Early Christian Sites include St Tredwell’s Chapel, dedicated to St Triduana is built on top of an Iron Age broch on the Loch of St Tredwell. Triduana was a nun whose eyes were so admired by Nechtan, King of Picts, that she plucked them out and sent them to him on a thorn branch to retain her virtue.

Orkney Tourism Group - Church Papa WestrayThe St Boniface Church near the Knap of Howar has been refurbished and is worth a visit. Boniface was a 7th century English missionary who became Archbishop of Germany in 728AD, and was massacred with his followers in 754AD.

The church dates from the 12th century and is still in use today. The interesting graveyard has an 11th century hog-backed gravestone which has been linked to the burial of Earl Rognvald Brusison in c.1045. This site has extensive Iron Age, Pictish and Norse remains, and there was probably a much older chapel here before the Vikings arrived.

Holland Farm has a fine 19th century steading with a circular horse engine house, doocot and corn drying kiln.
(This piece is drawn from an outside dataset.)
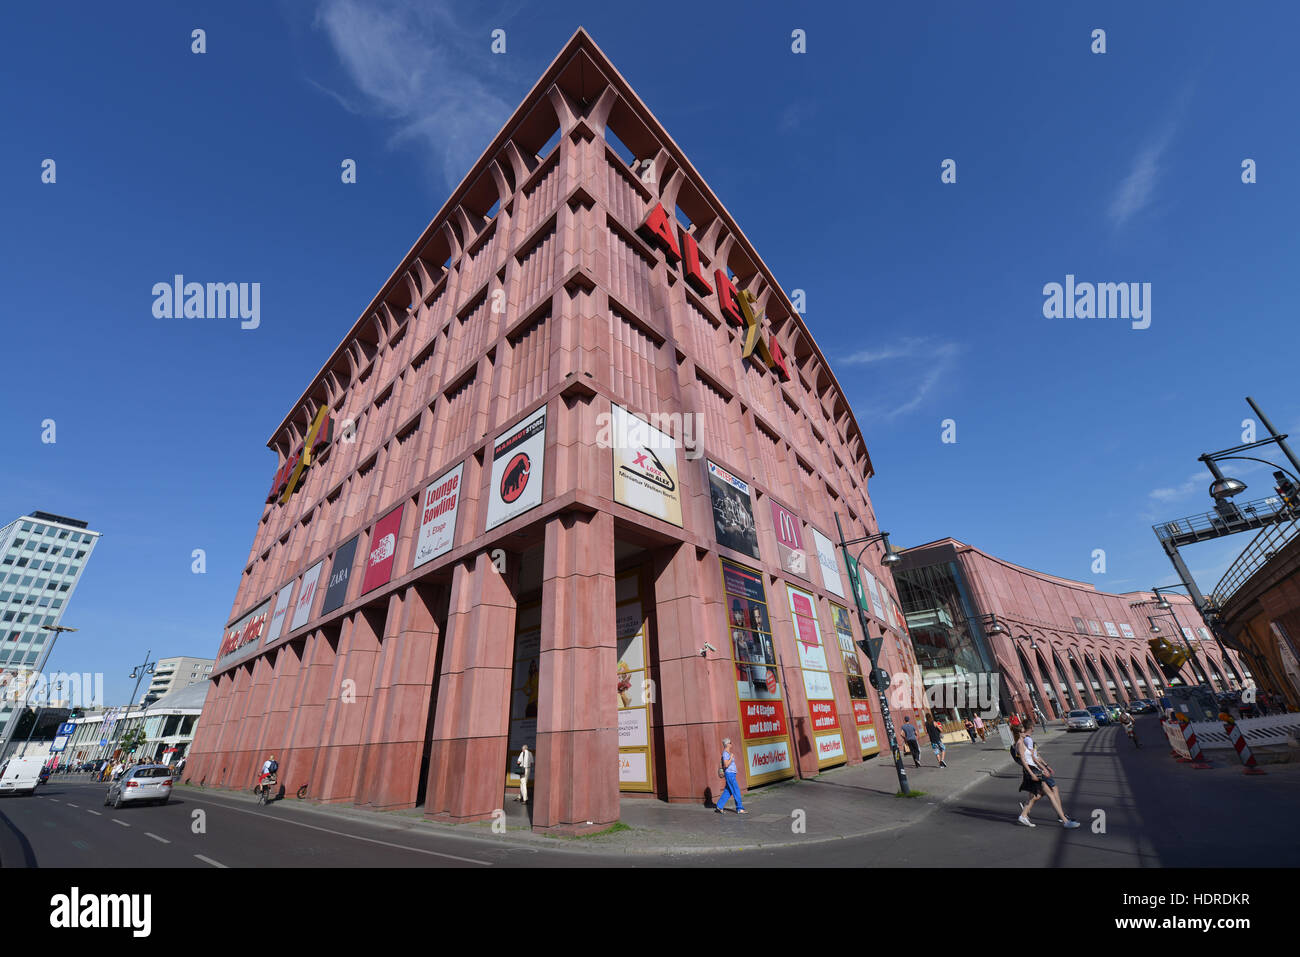 Einkaufszentrum, Alexa, Grunerstrasse, Mitte, Berlin, Deutschland Stock  Photo - Alamy

The main part of the house dates from about 1636, and there is an interesting folk museum in the bothy.

Wildlife

Papay is famous for its birds, with the North Hill being an RSPB Reserve and home to many breeding Terns and Arctic Skuas in summer. There is a small bird cliff at Fowl Craig on the east side, site of the killing of the last Great Auk in Britain in 1813.

The island is also a good place to search for migrants in spring and autumn. The Mull Head is said to be perhaps the best place for sea-watching in Orkney, as it forms a natural turning point.

Flora The North Hill is mostly made up of maritime heath and has an interesting variety of plants, many in dwarf form. These include several sedges and herbs such as Dog Violet, Primrose, Spring Squill,Grass of Parnassus, Heath Spotted Orchid, Mountain Everlasting and Primula scotica.